Indicazioni terapeutiche : Deficienze primarie e secondarie di carnitina, sofferenza metabolica del miocardio in stati ischemici.
Controindicazioni : pazienti con ipersensibilità già nota al farmaco.
Effetti indesiderati : riportati lievi disturbi gastrointestinali dopo somministrazione orale. Segnalati inoltre, in pazienti uremici, lievi sintomi miastenici.
“…sono stati riportati casi di convulsioni in pazienti, con o senza precedenti di attività convulsive, che avevano ricevuto “LEVOCARNITINA” per via orale o endovenosa…”
Speciali precauzioni per l’uso
il contenuto dei flaconcini monodose deve essere diluito in un bicchiere d’acqua.
Uso in caso di gravidanza e di allattamento
il prodotto può essere usato sia in gravidanza che durante l’allattamento.
Interazioni medicamentose ed altre
non si conoscono interazioni tra L-carnitina ed altri farmaci.
Posologia e modo di somministrazione
mediamente 2–3 g al giorno, secondo la gravità della patologia ed il giudizio del medico.
Sovradosaggio
non sono note manifestazioni tossiche da sovradosaggio con la L-carnitina.
Avvertenze
essendo la L-carnitina un prodotto fisiologico, non presenta alcun rischio di assuefazione né di dipendenza.
La somministrazione di L-carnitina in pazienti diabetici in trattamento insulinico o con ipoglicemizzanti orali, migliorando l'utilizzazione del glucosio, potrebbe determinare fenomeni di ipoglicemia.
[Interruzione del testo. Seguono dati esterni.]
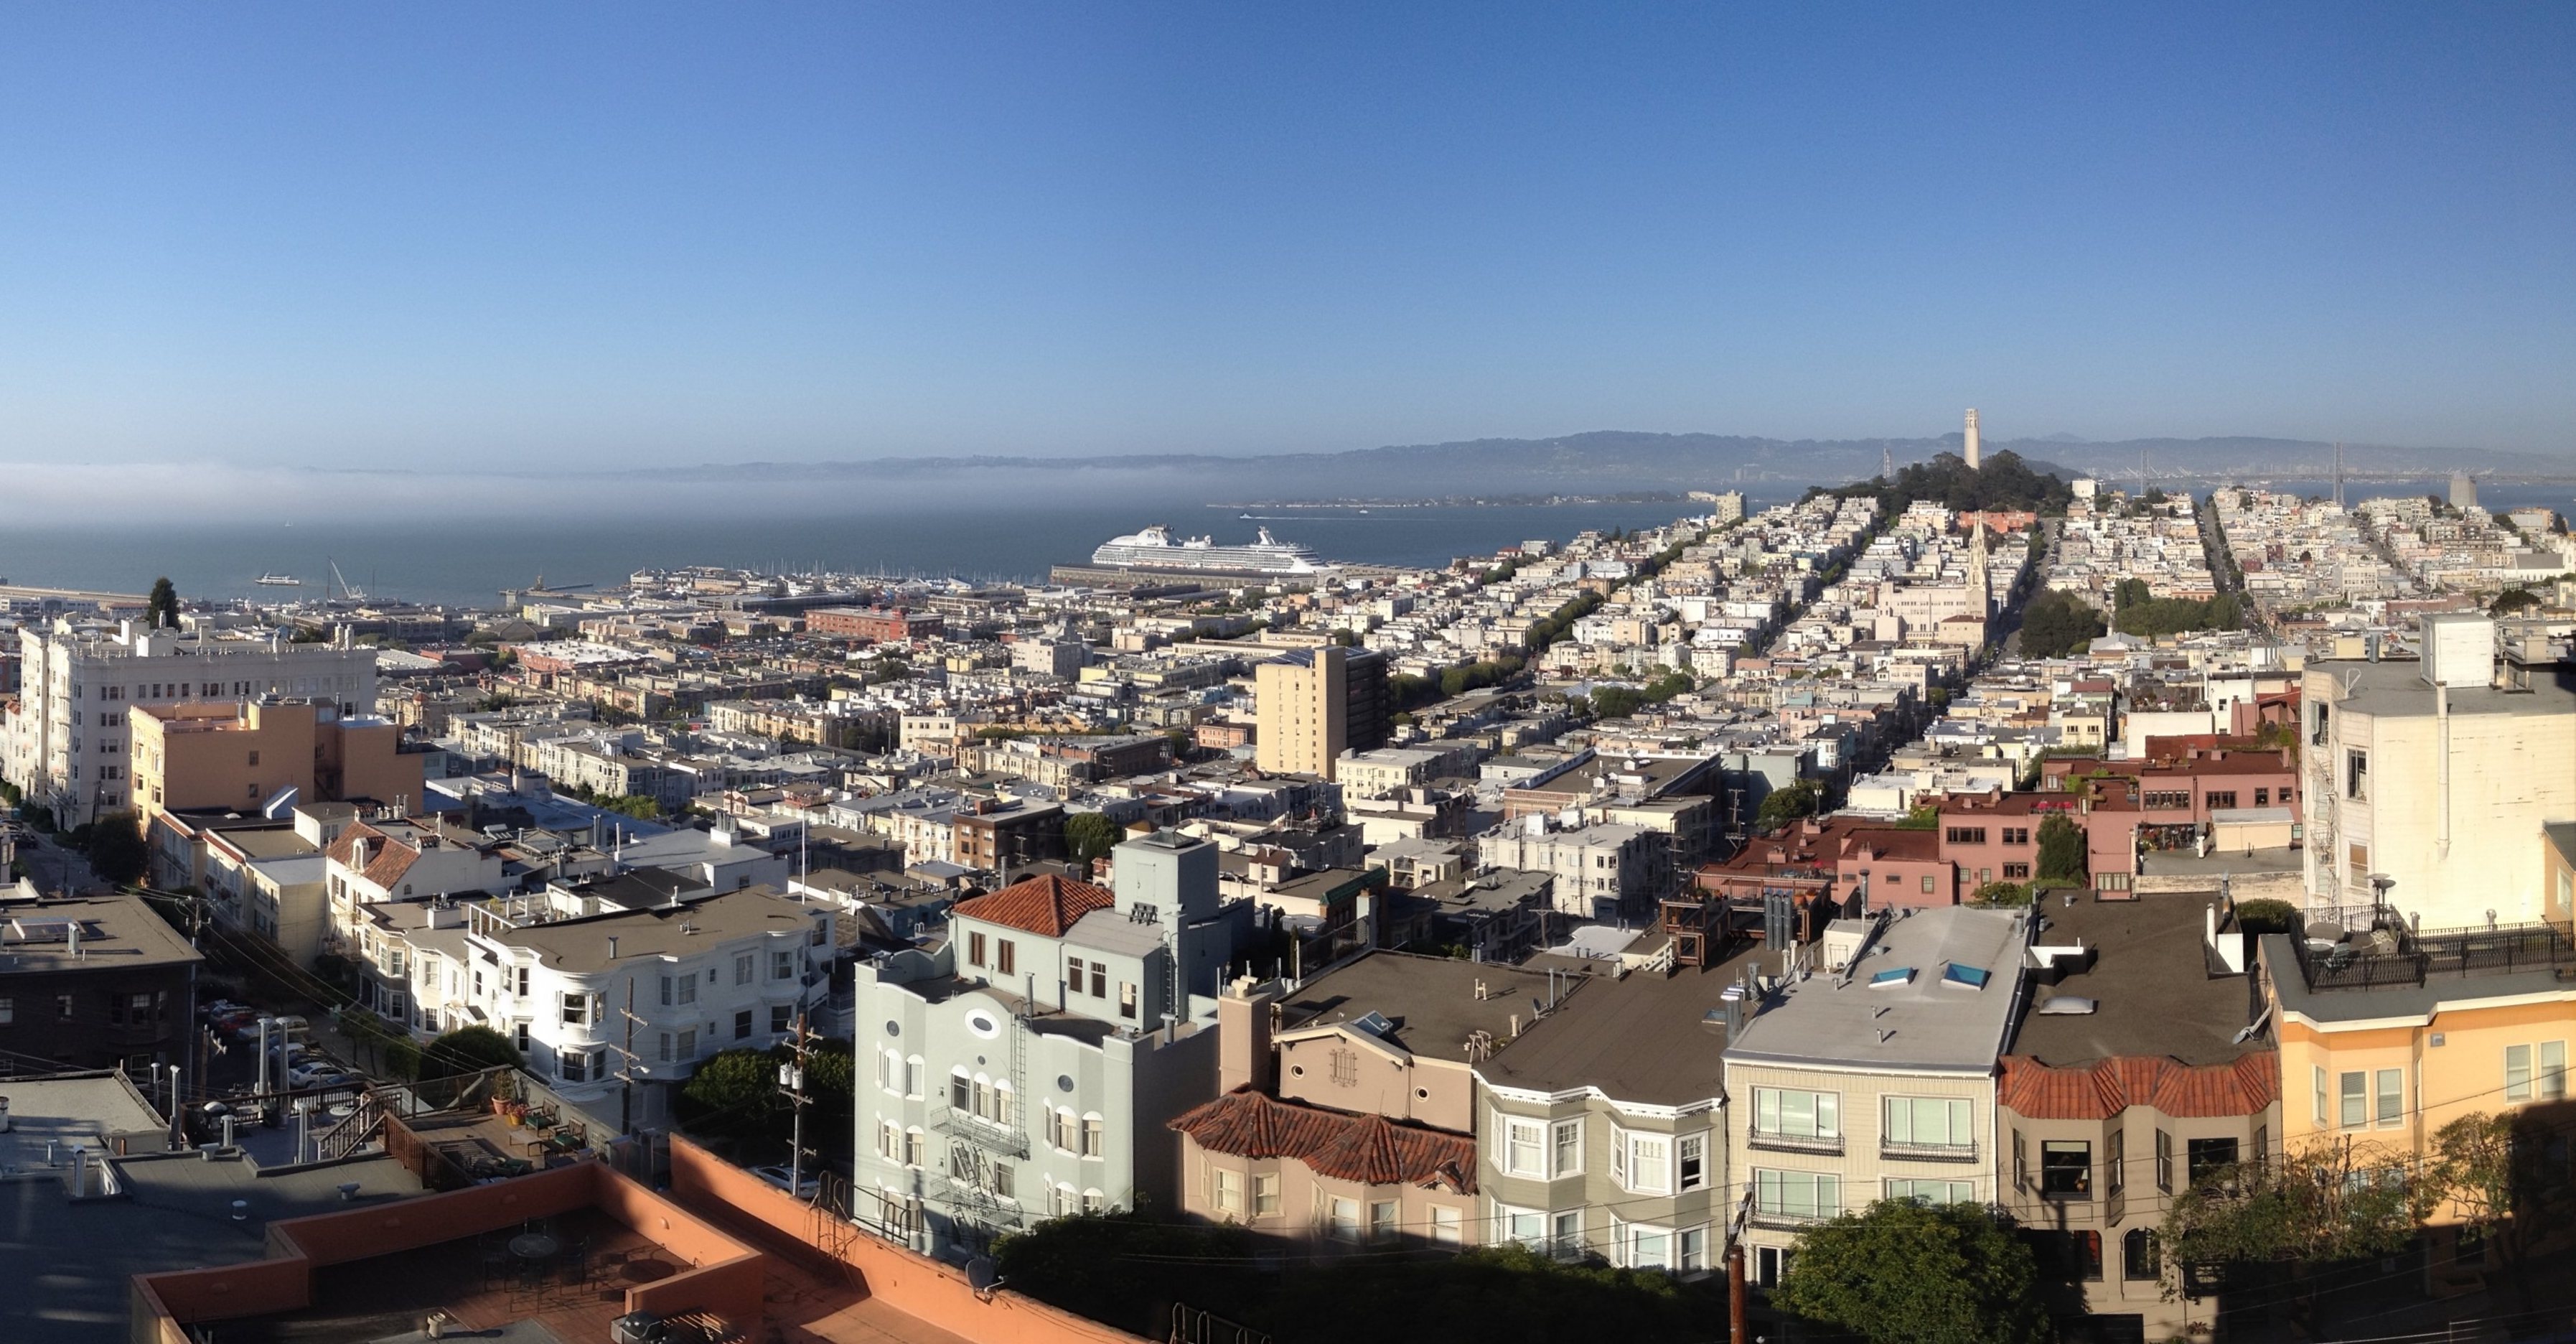 SF’s Top Neighborhoods Are the Marina, Noe Valley, Richmond, and the Sunset…For Now

Pertanto in questi soggetti la glicemia deve essere tenuta sotto frequente controllo per poter tempestivamente provvedere all’aggiustamento della terapia ipoglicemizzante.
Effetti sulla capacità di guidare e sull’uso di macchine
la L-carnitina non provoca alcun effetto negativo sulla capacità di guidare né sull’uso di macchine.